╭─ Given material

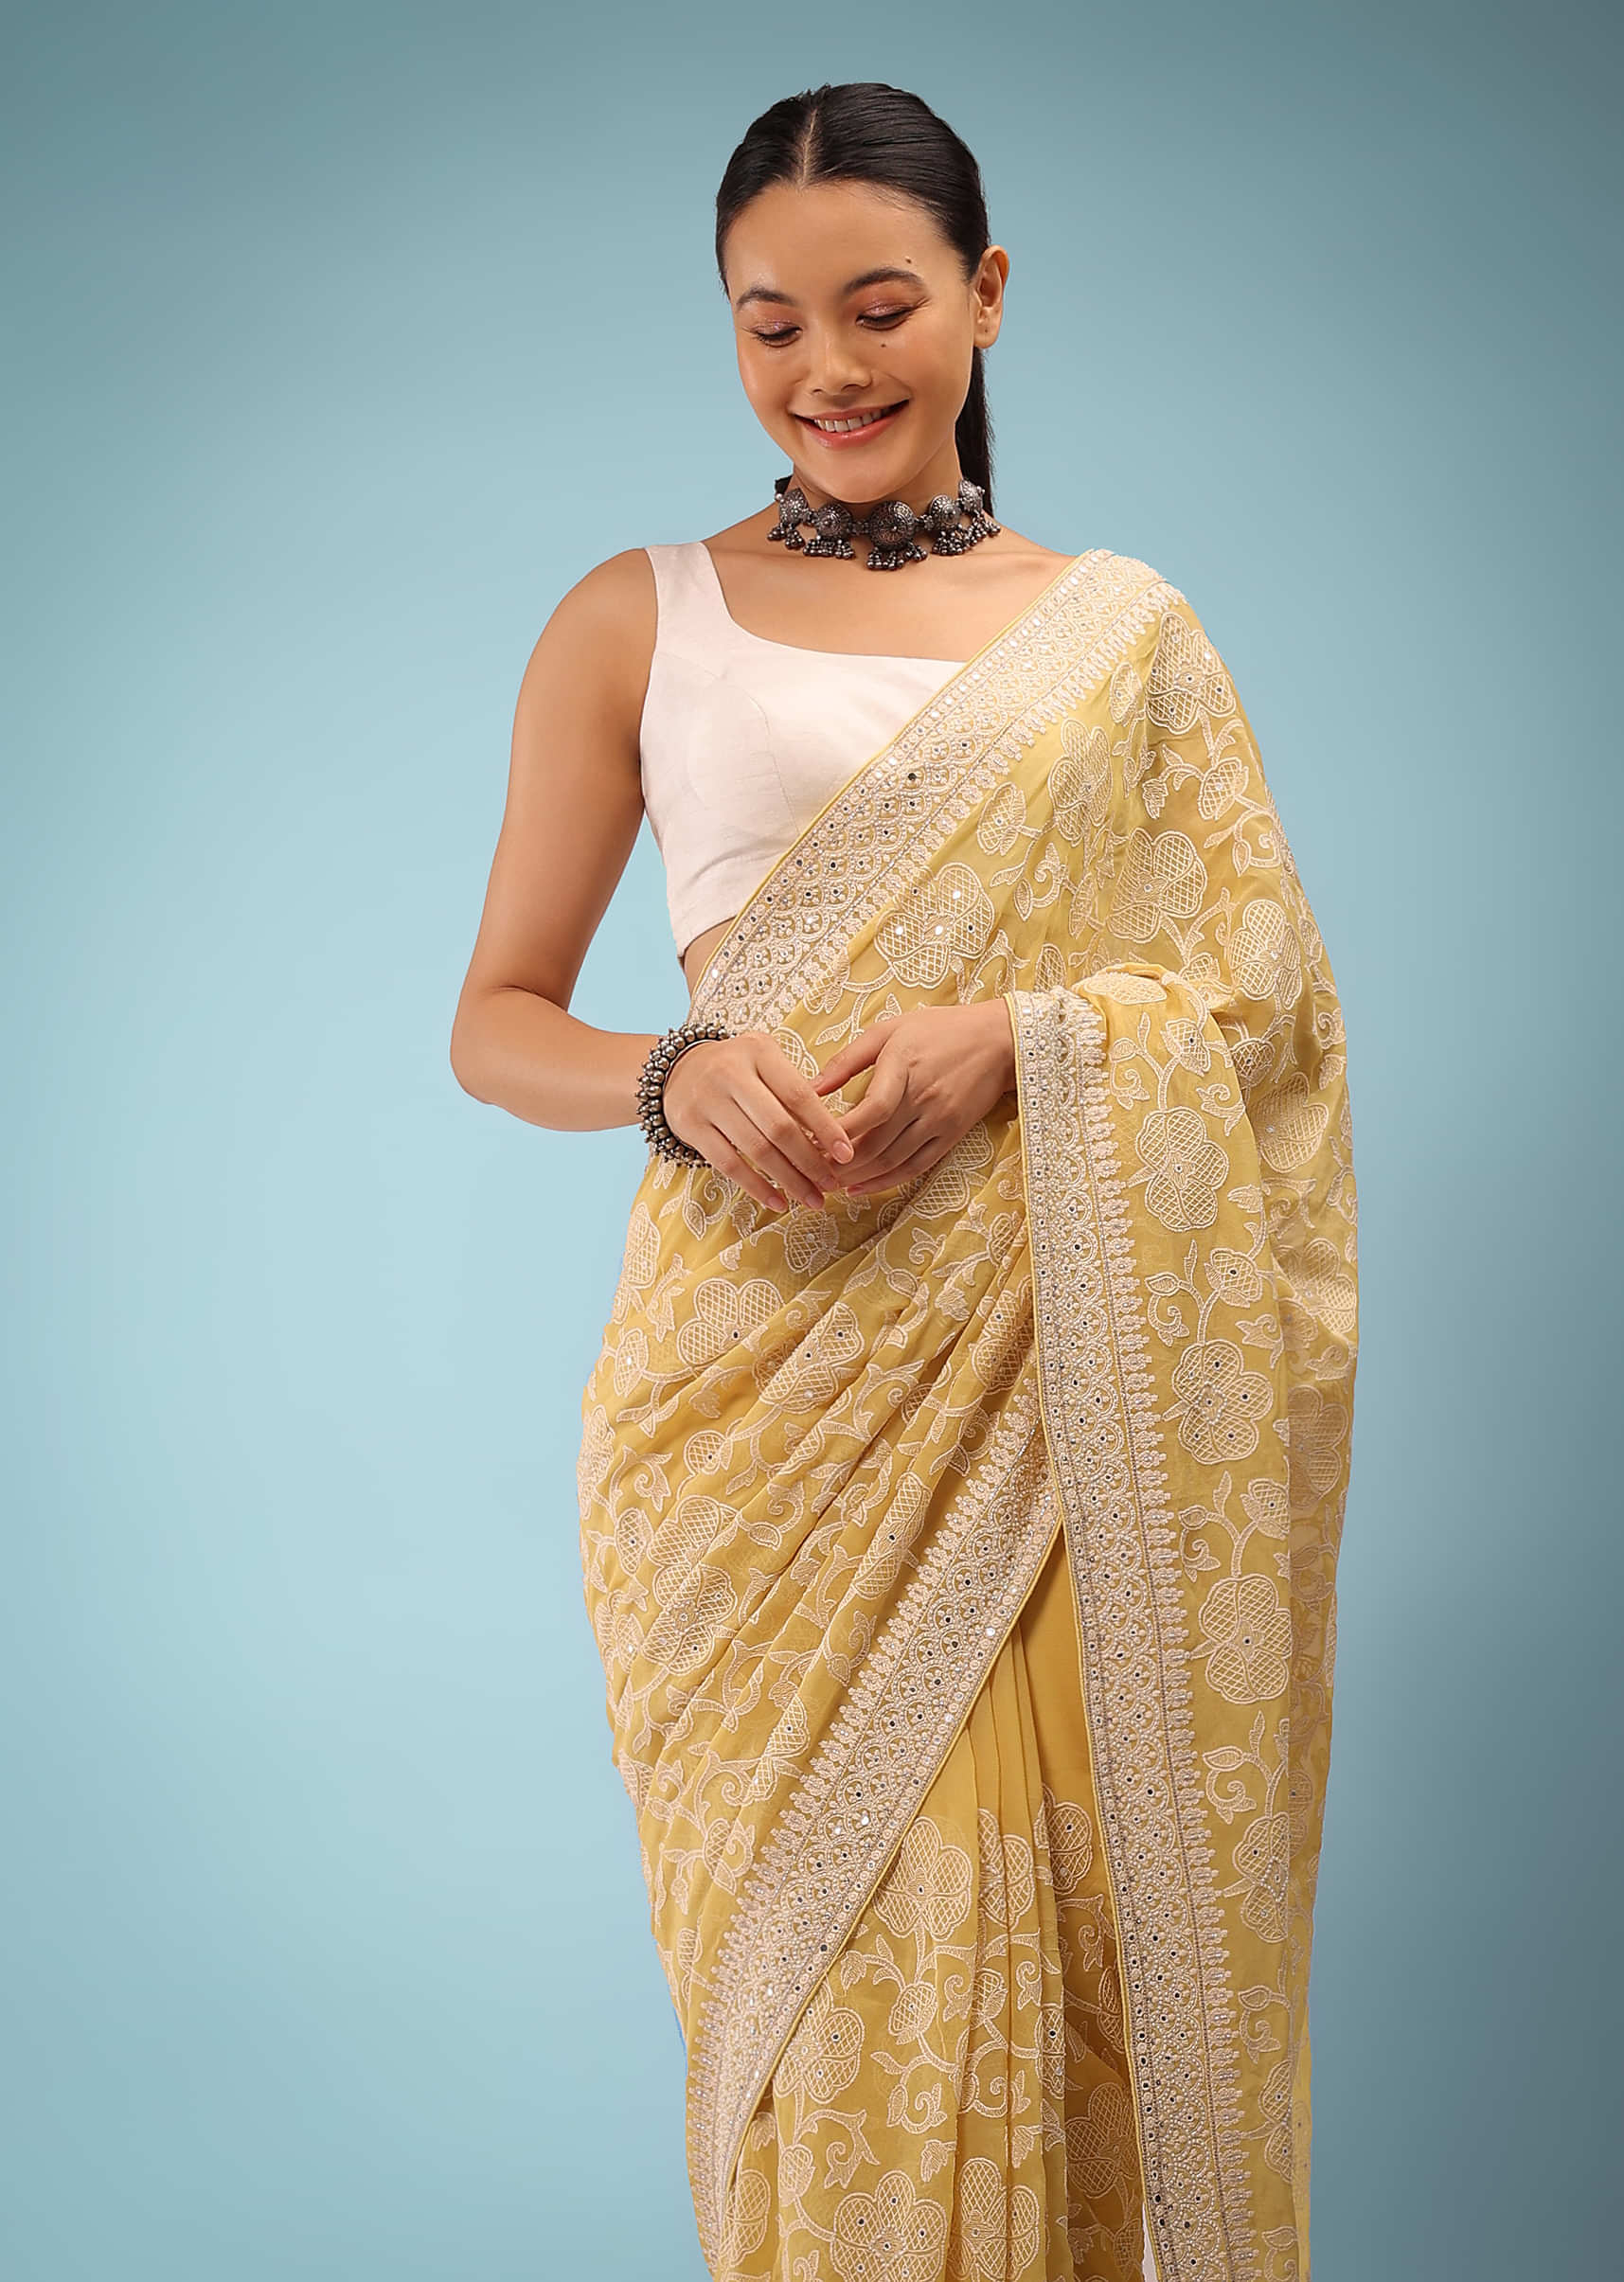 Misted Yellow Lucknowi Saree In Mirrored Work, It Comes In Cut Dana And Sequins Detailing Buttis On The Pallu.
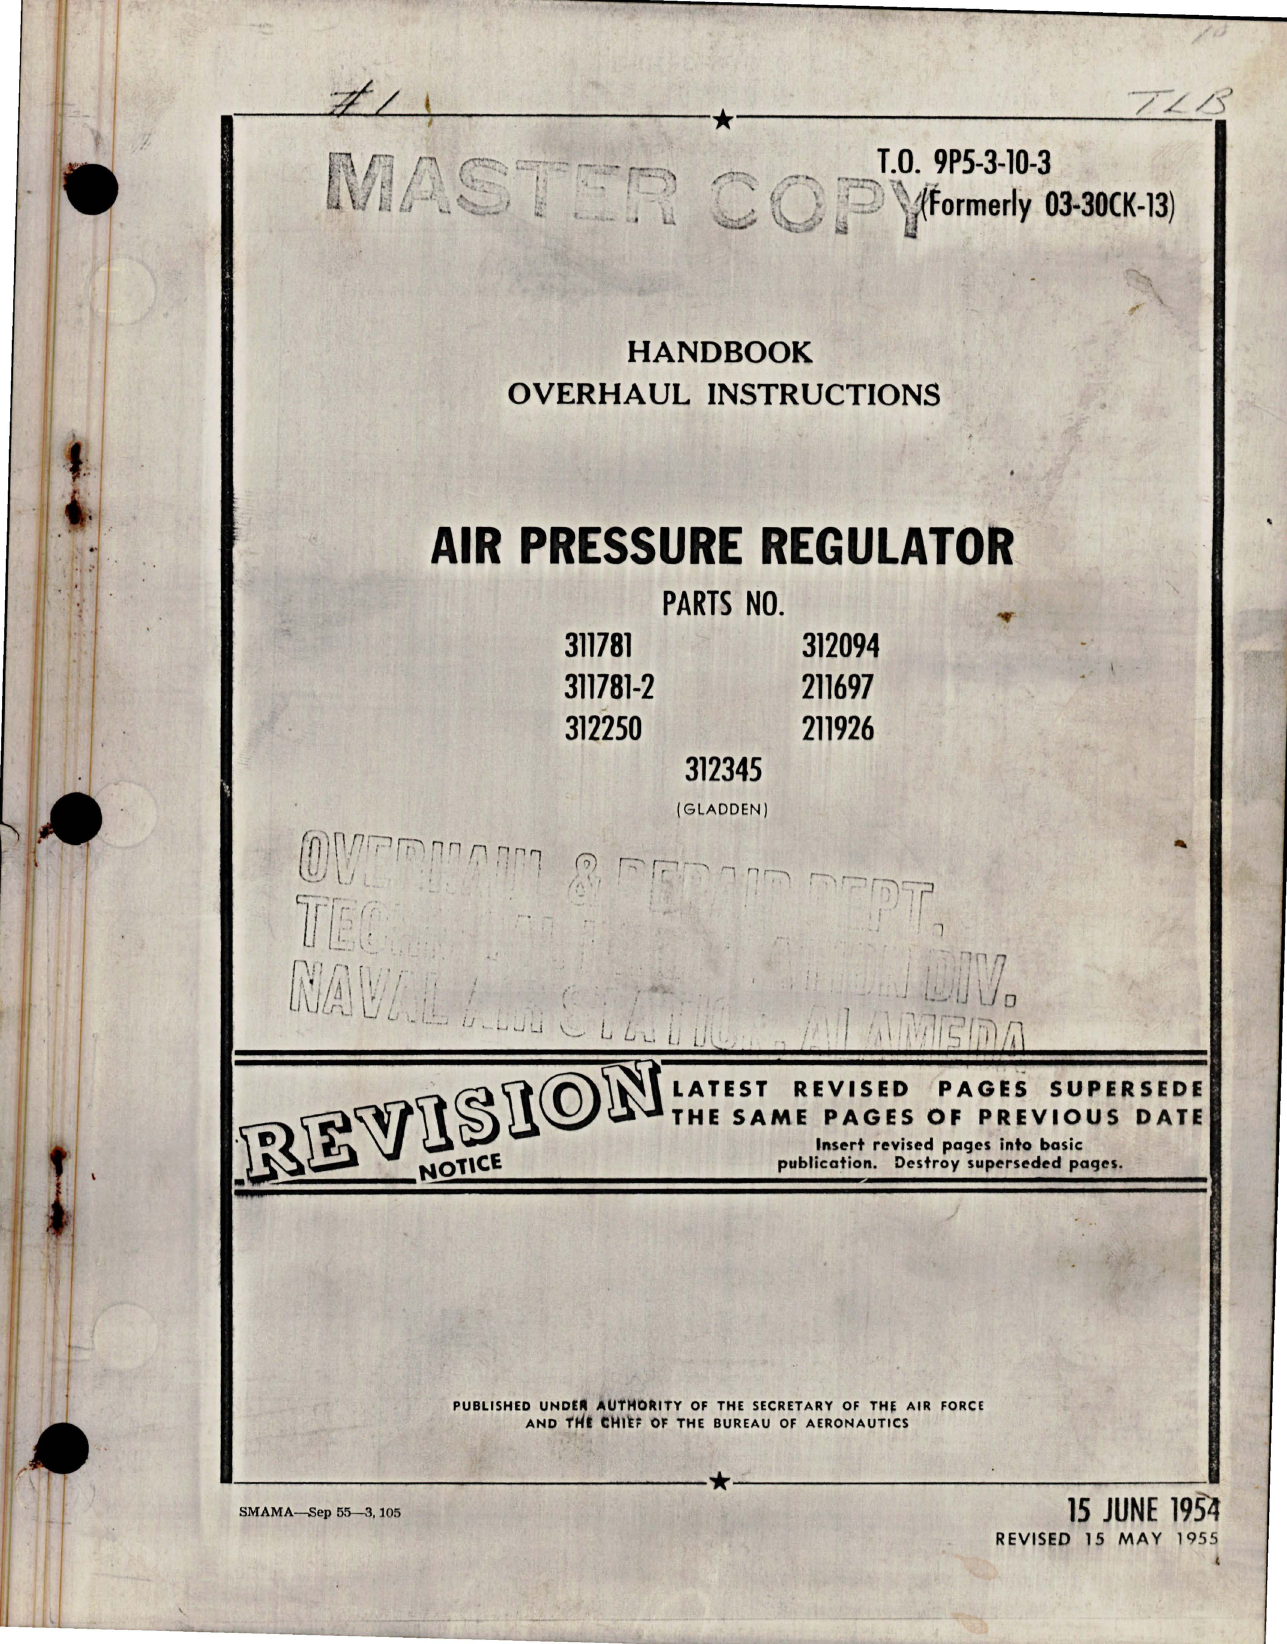 Sample page 1 from AirCorps Library document: Overhaul Instructions for Air Pressure Regulator
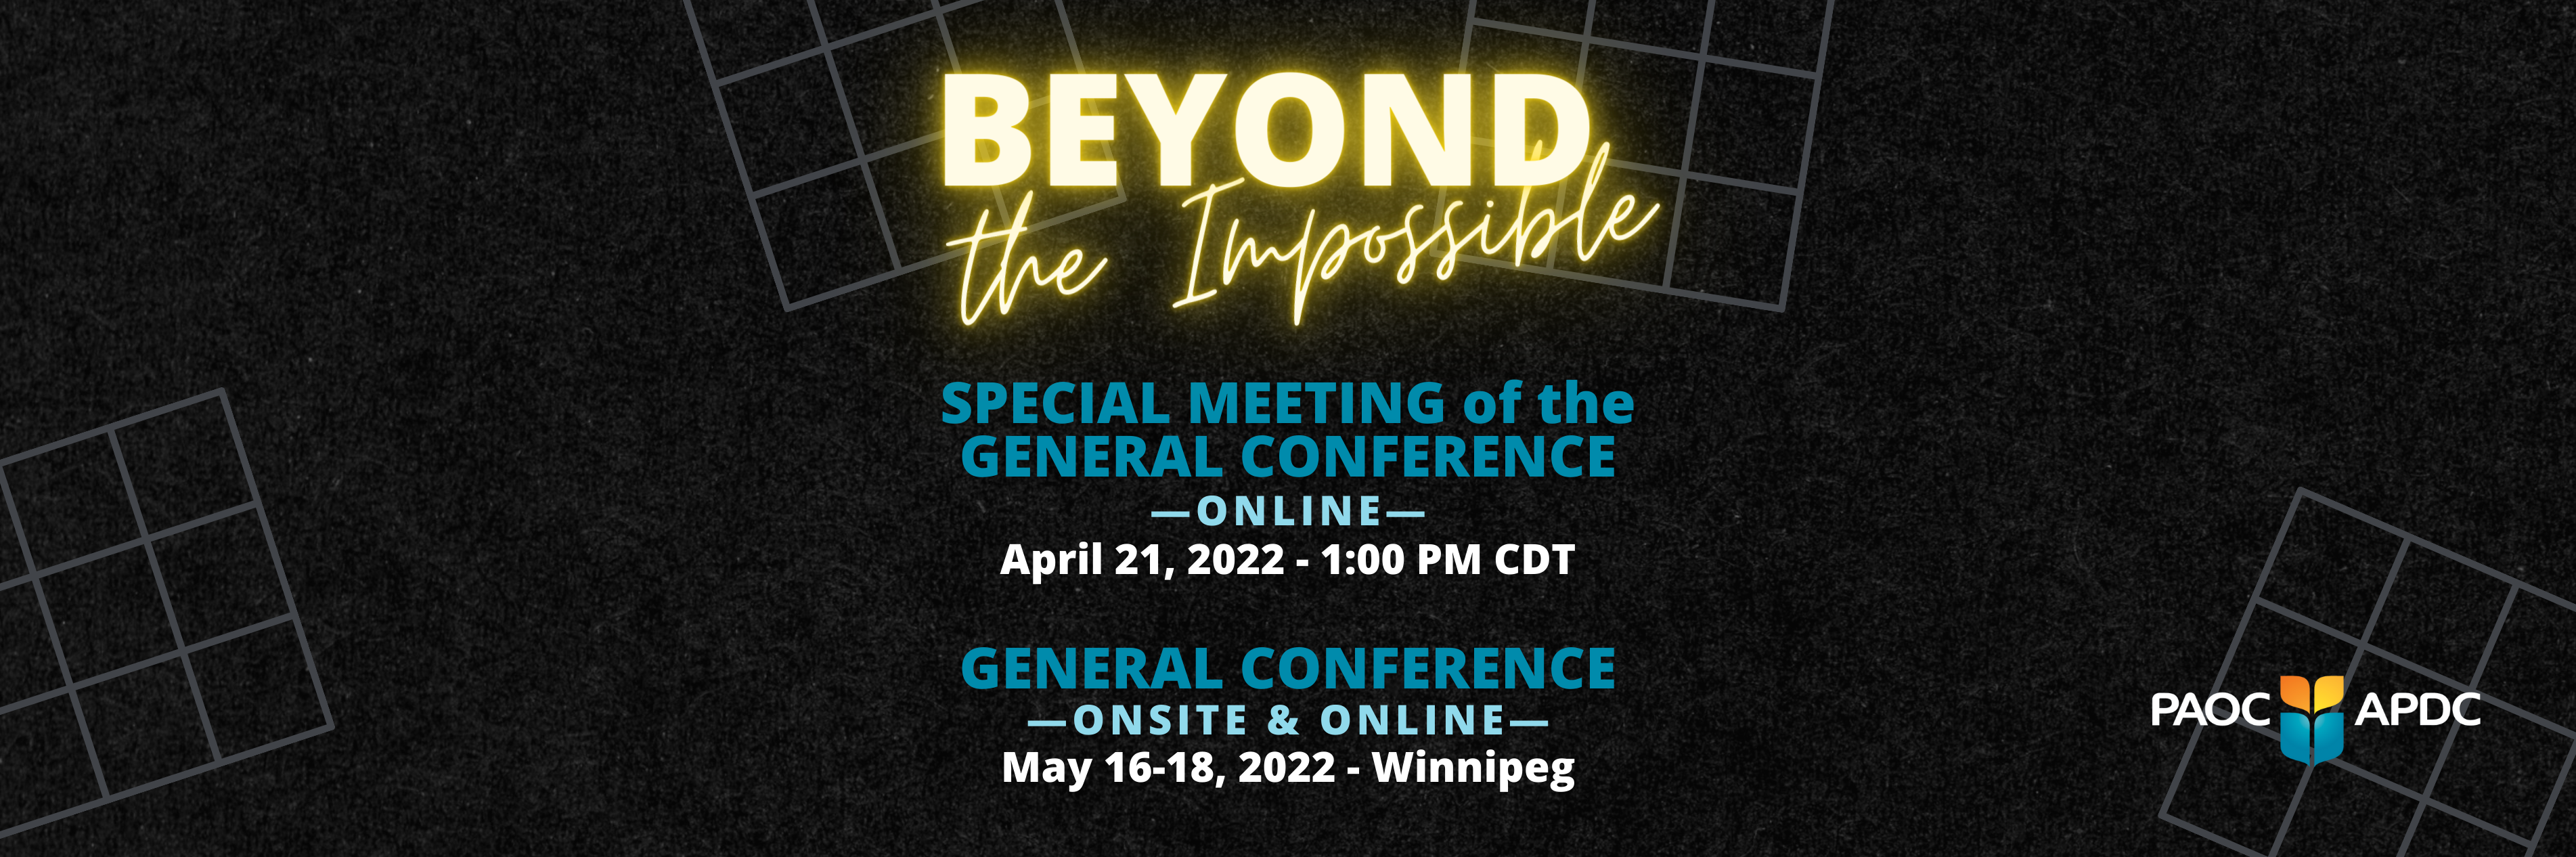 Beyond the Impossible GENERAL CONFERENCE Calvary Temple, Winnipeg, May 16-29, 2022

╰─

When you retype the listing, keep every line exactly as it is and drop the pictures.

Answer to this task >>
 Misted Yellow Lucknowi Saree In Mirrored Work, It Comes In Cut Dana And Sequins Detailing Buttis On The Pallu.
 Sample page 1 from AirCorps Library document: Overhaul Instructions for Air Pressure Regulator
 Beyond the Impossible GENERAL CONFERENCE Calvary Temple, Winnipeg, May 16-29, 2022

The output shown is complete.